→ **Data excerpt**:
--

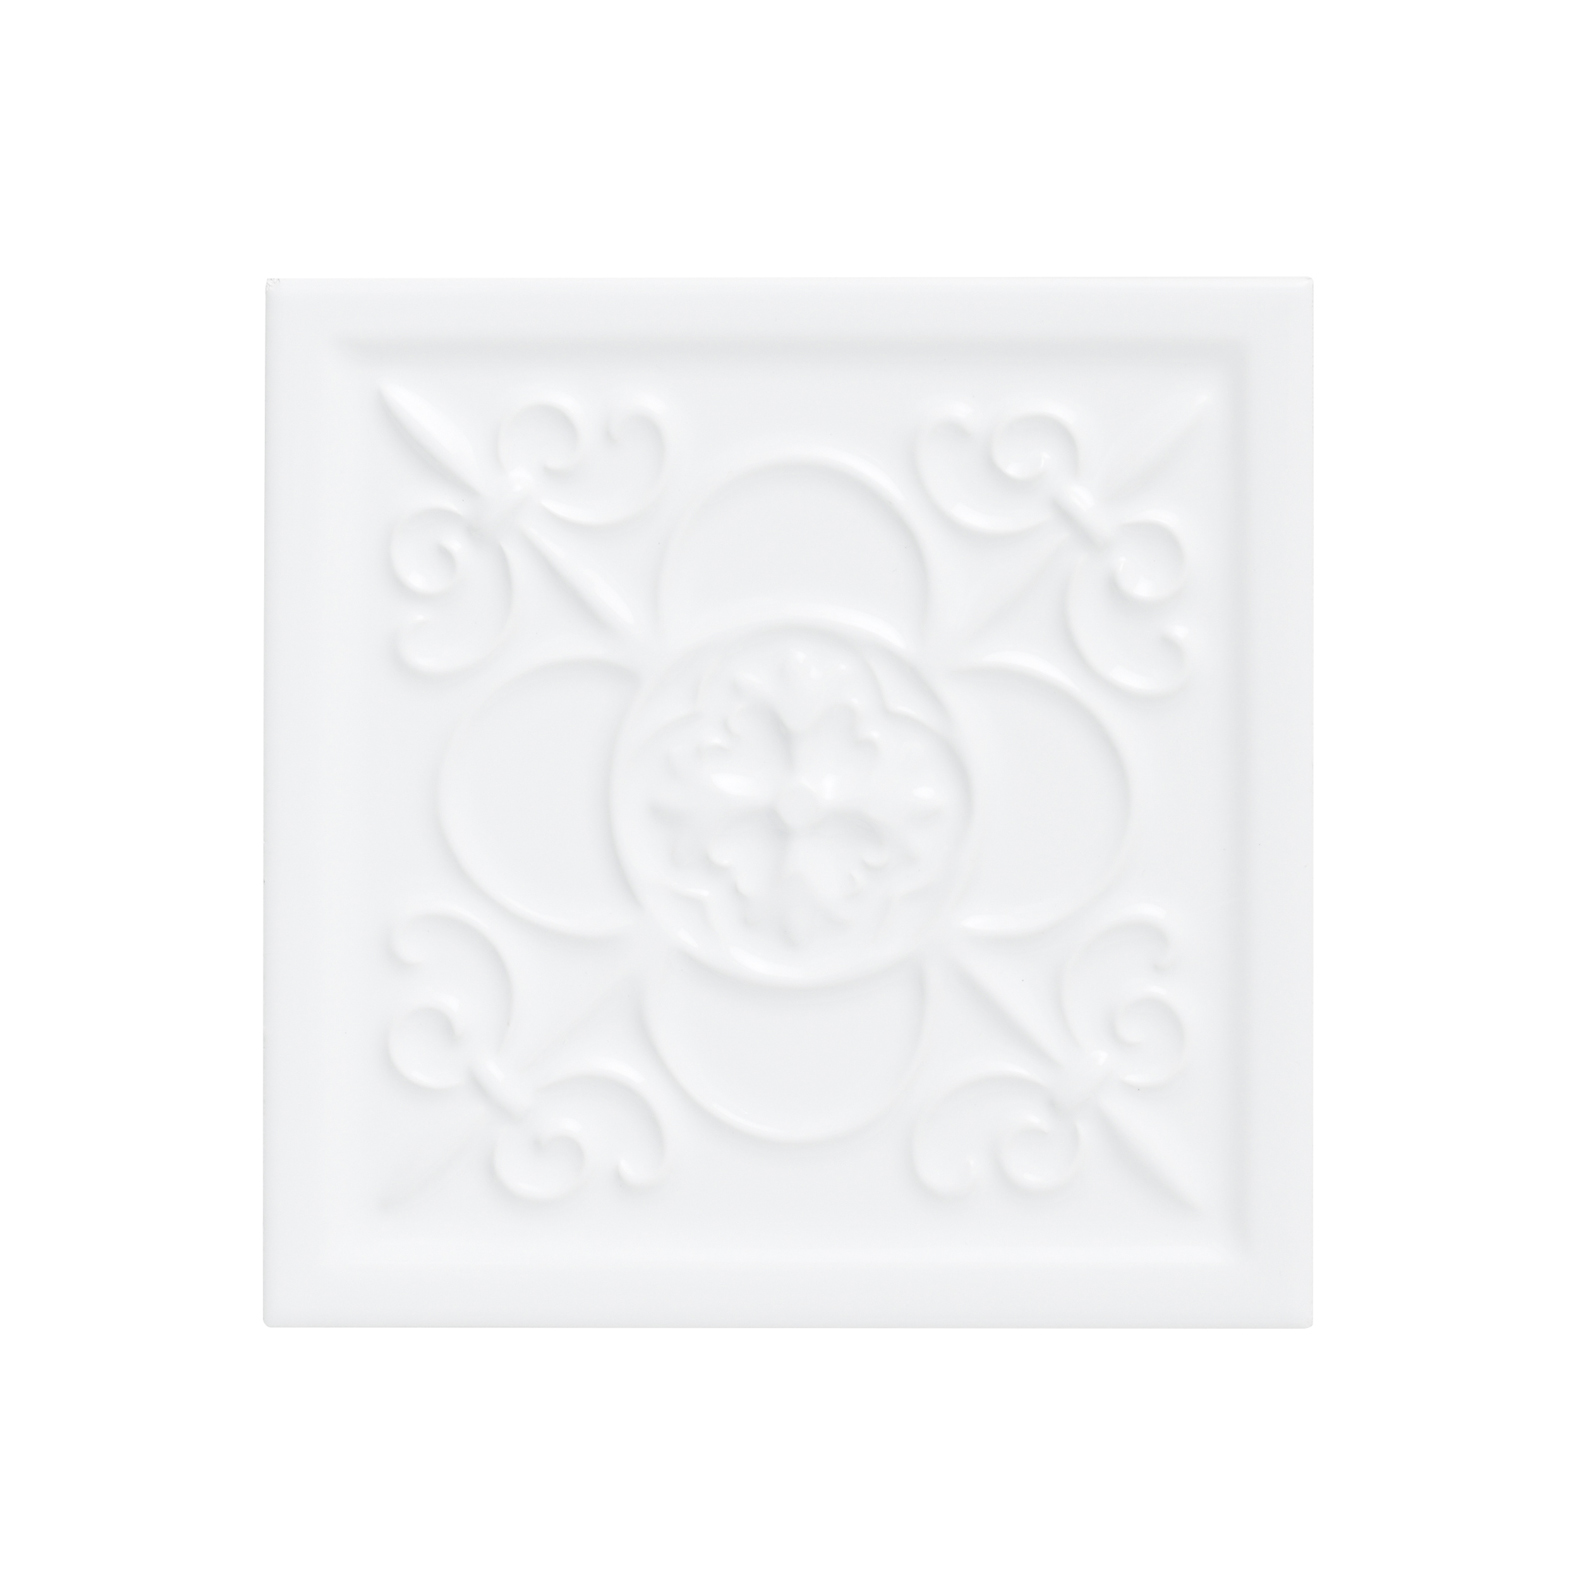 ADST4028 - RELIEVE VIZCAYA - 14.8 cm X 14.8 cm
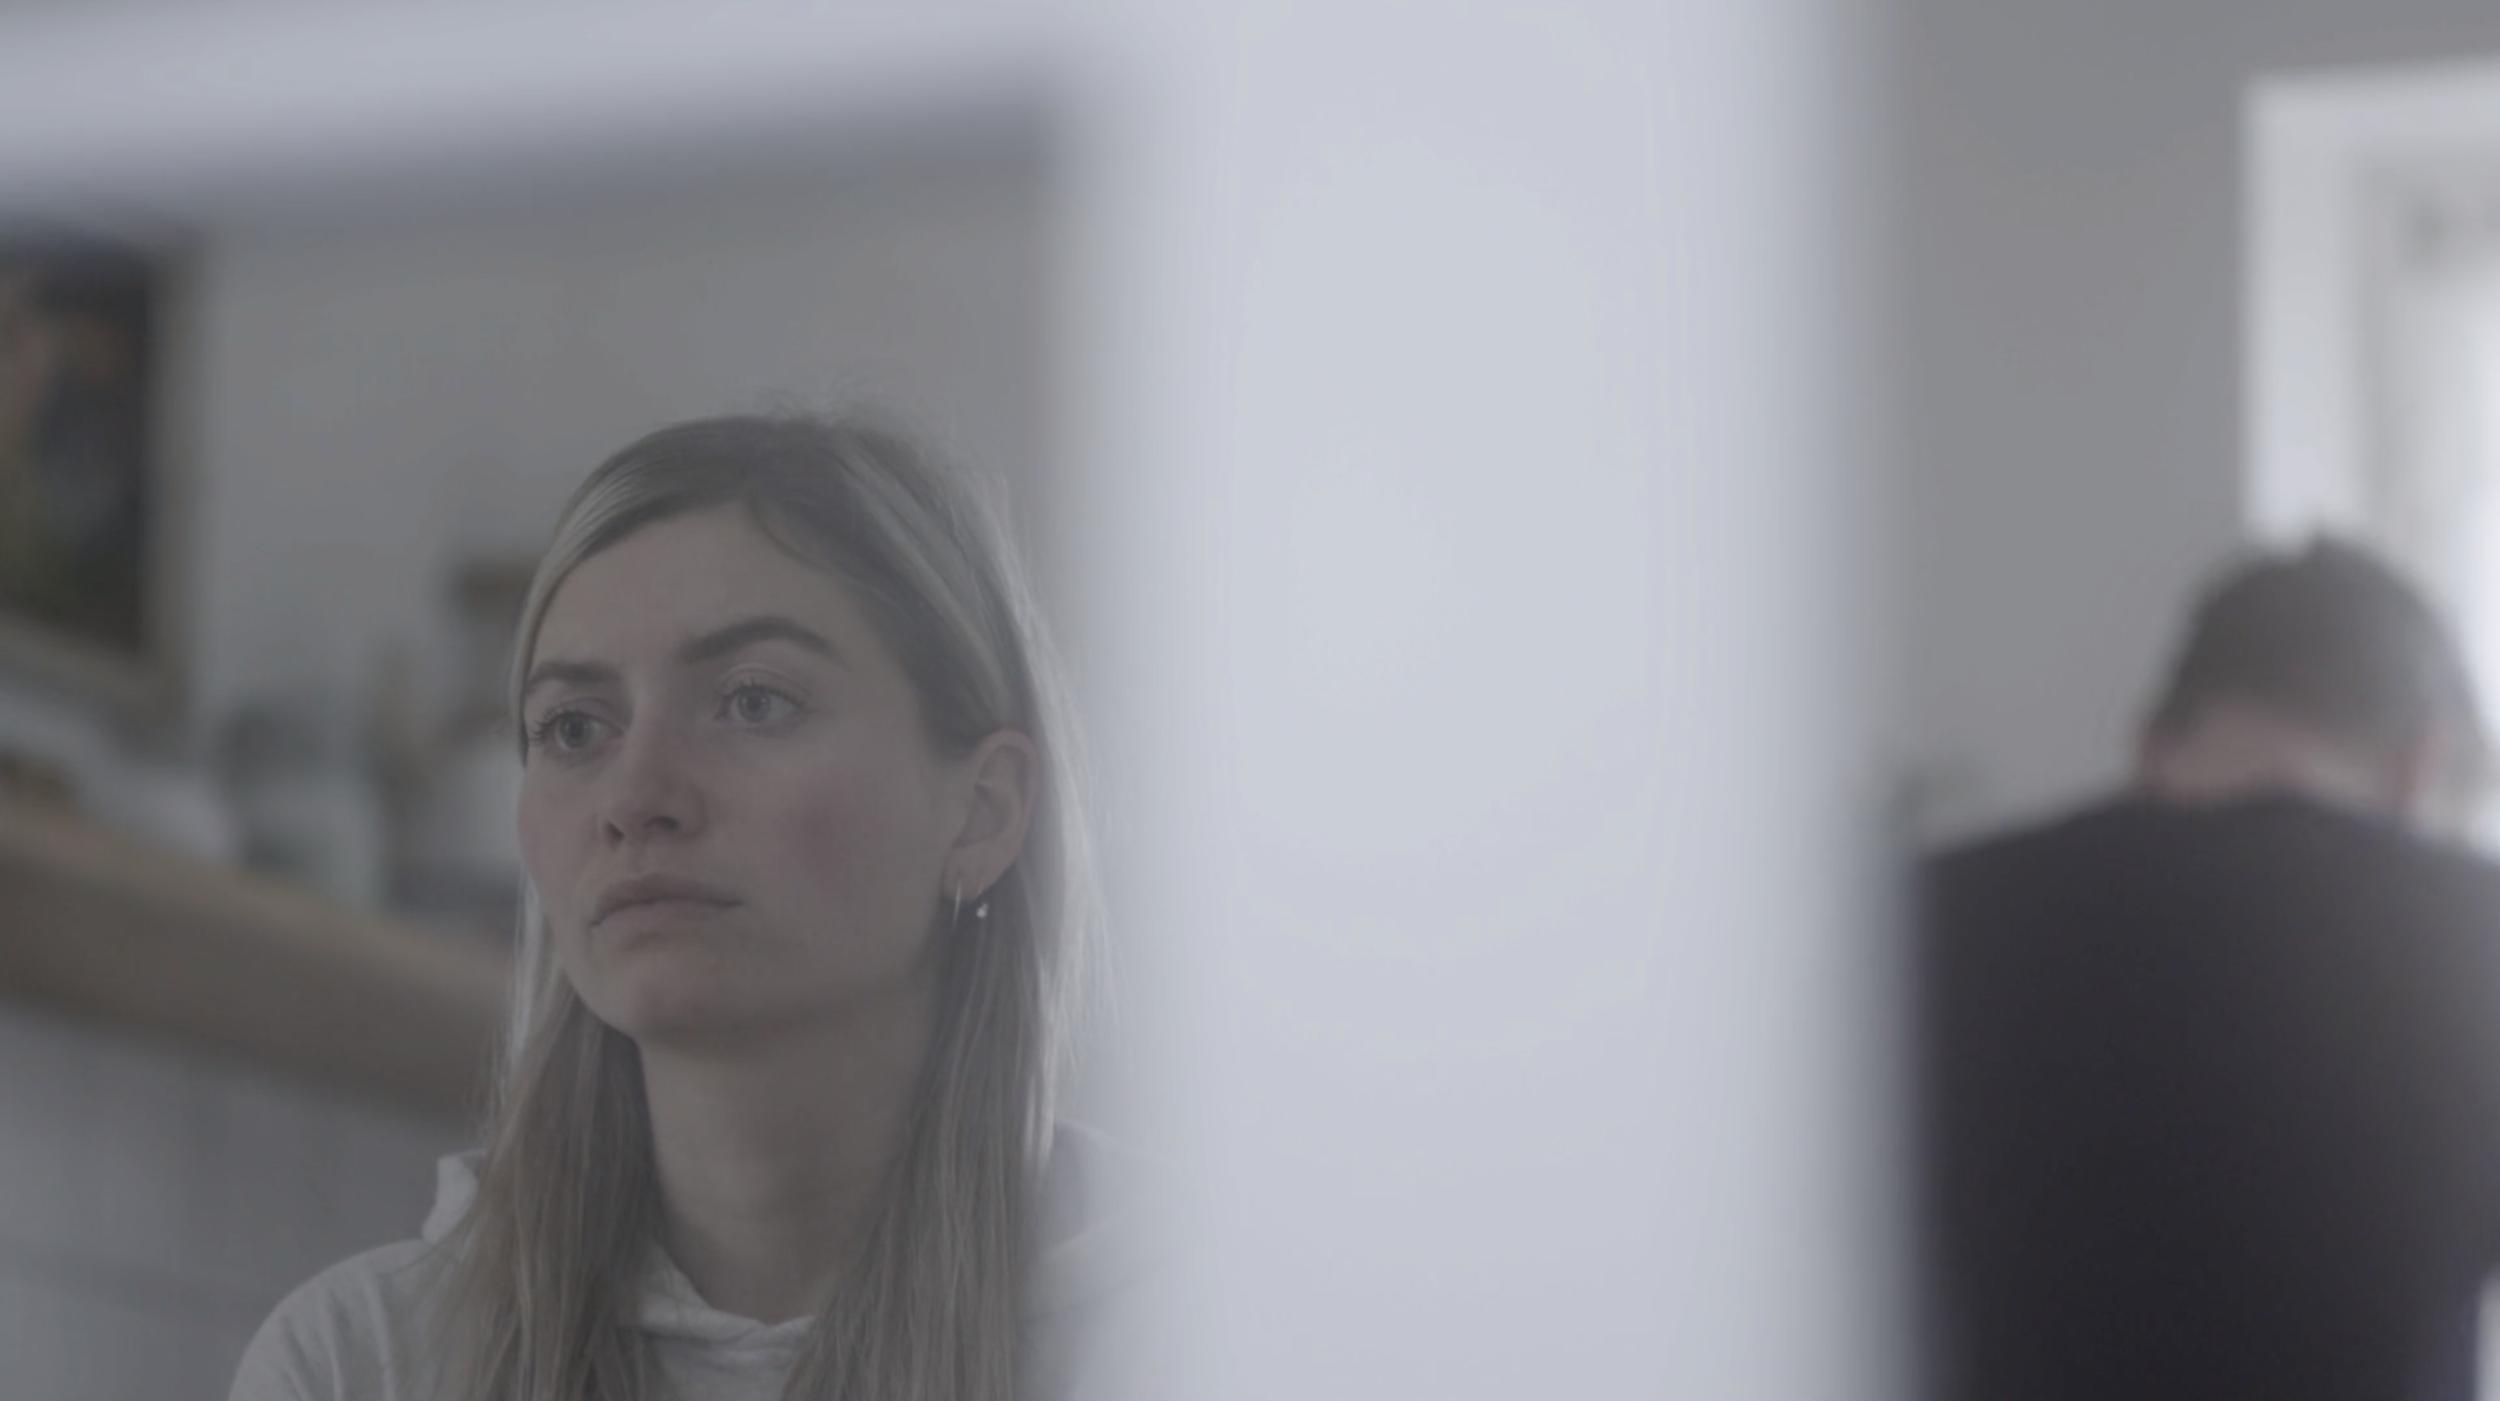 TOMORROW - SHORT FILMDIRECTOR SIMON MØLVIG
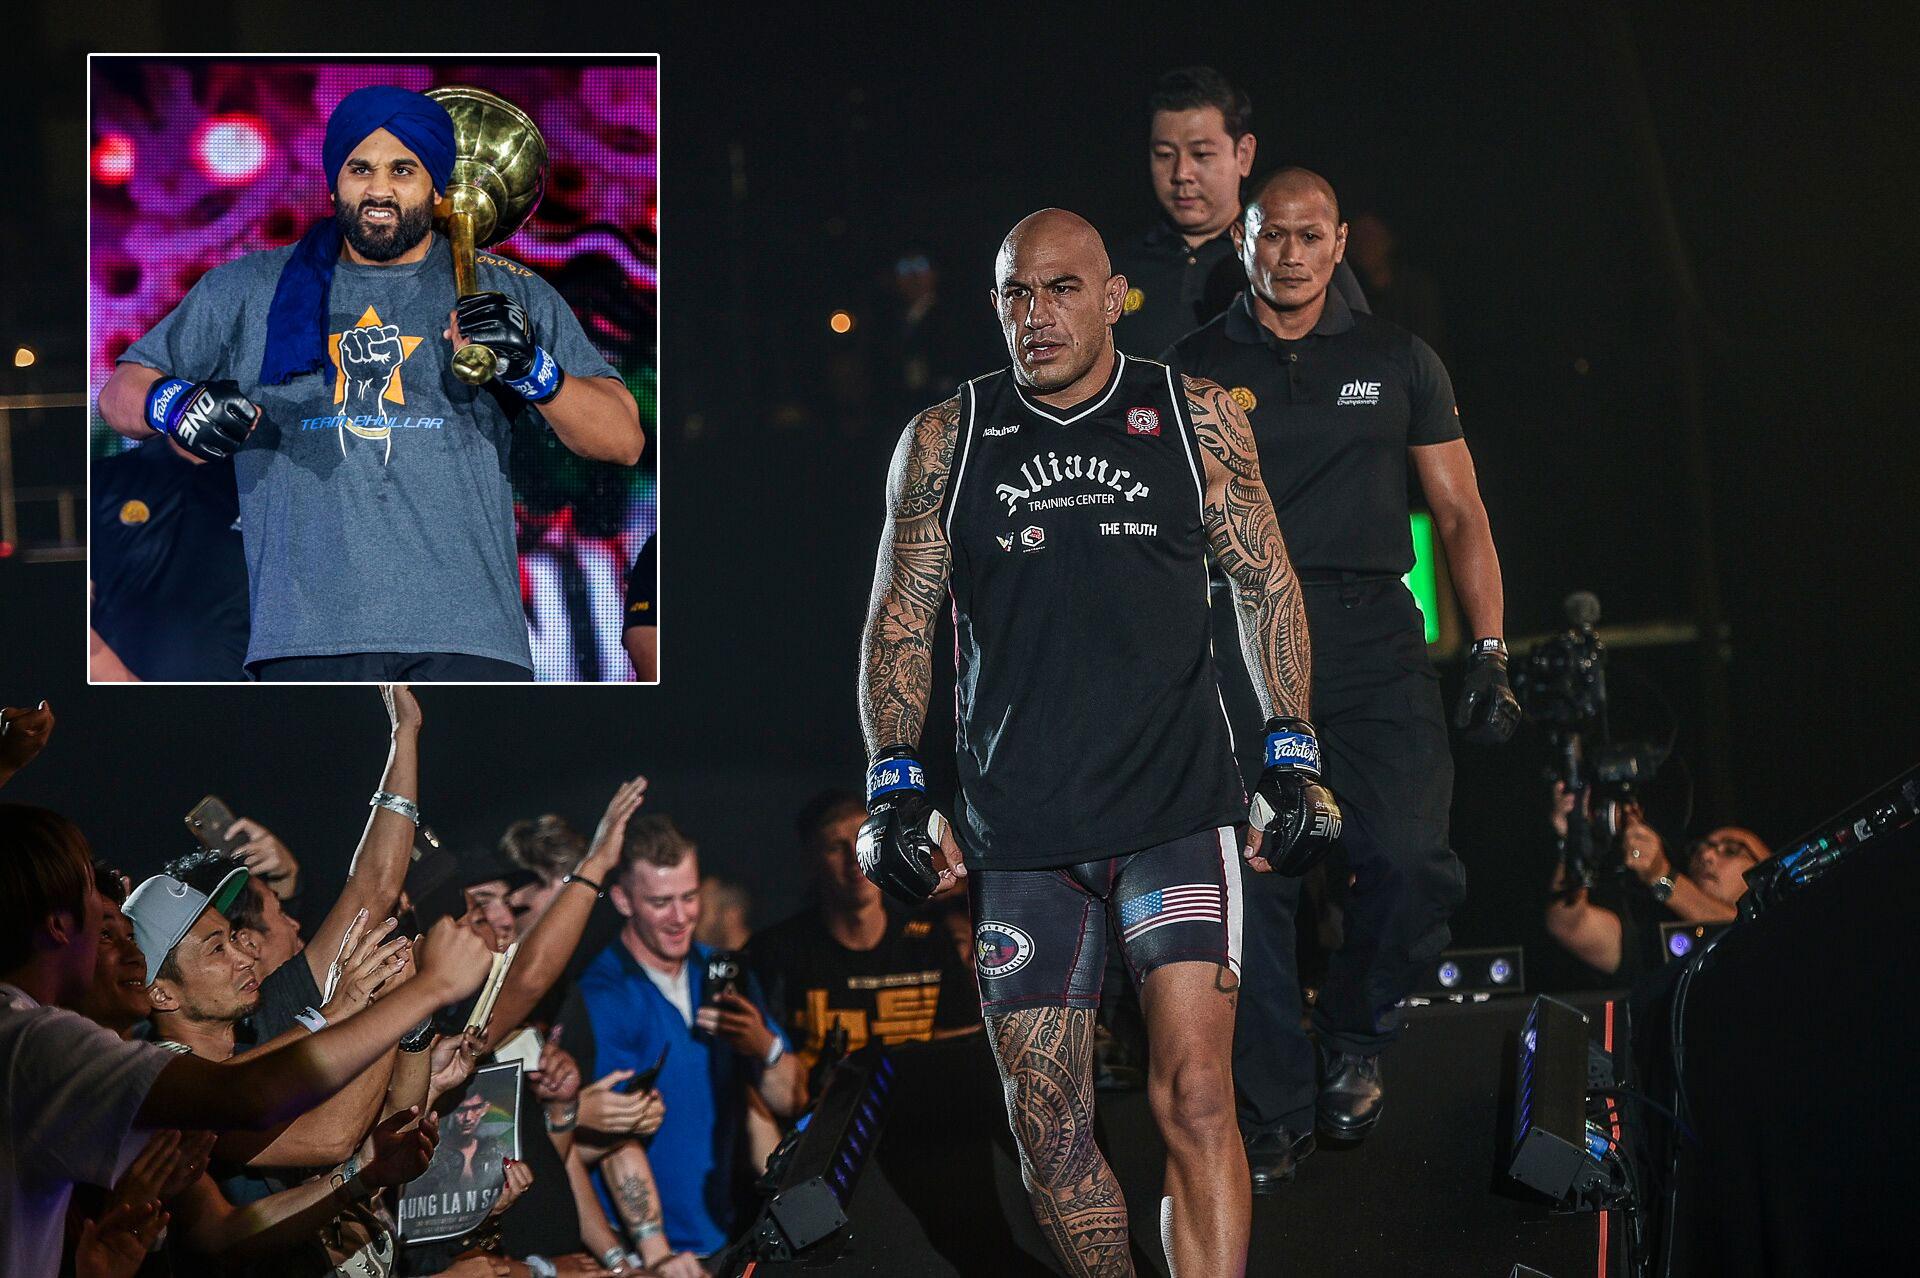 ONE-Century-Arjhan-Bhullar-vs-Brandon-Vera Brandon Vera yet to hear 'voice' urging him to retire on top Mixed Martial Arts News ONE Championship  - philippine sports news

--

→ **Problem to work on**: Could you copy the listing above exactly, without its pictures?

→ **Worked solution**:
 ADST4028 - RELIEVE VIZCAYA - 14.8 cm X 14.8 cm
 TOMORROW - SHORT FILMDIRECTOR SIMON MØLVIG
 ONE-Century-Arjhan-Bhullar-vs-Brandon-Vera Brandon Vera yet to hear 'voice' urging him to retire on top Mixed Martial Arts News ONE Championship  - philippine sports news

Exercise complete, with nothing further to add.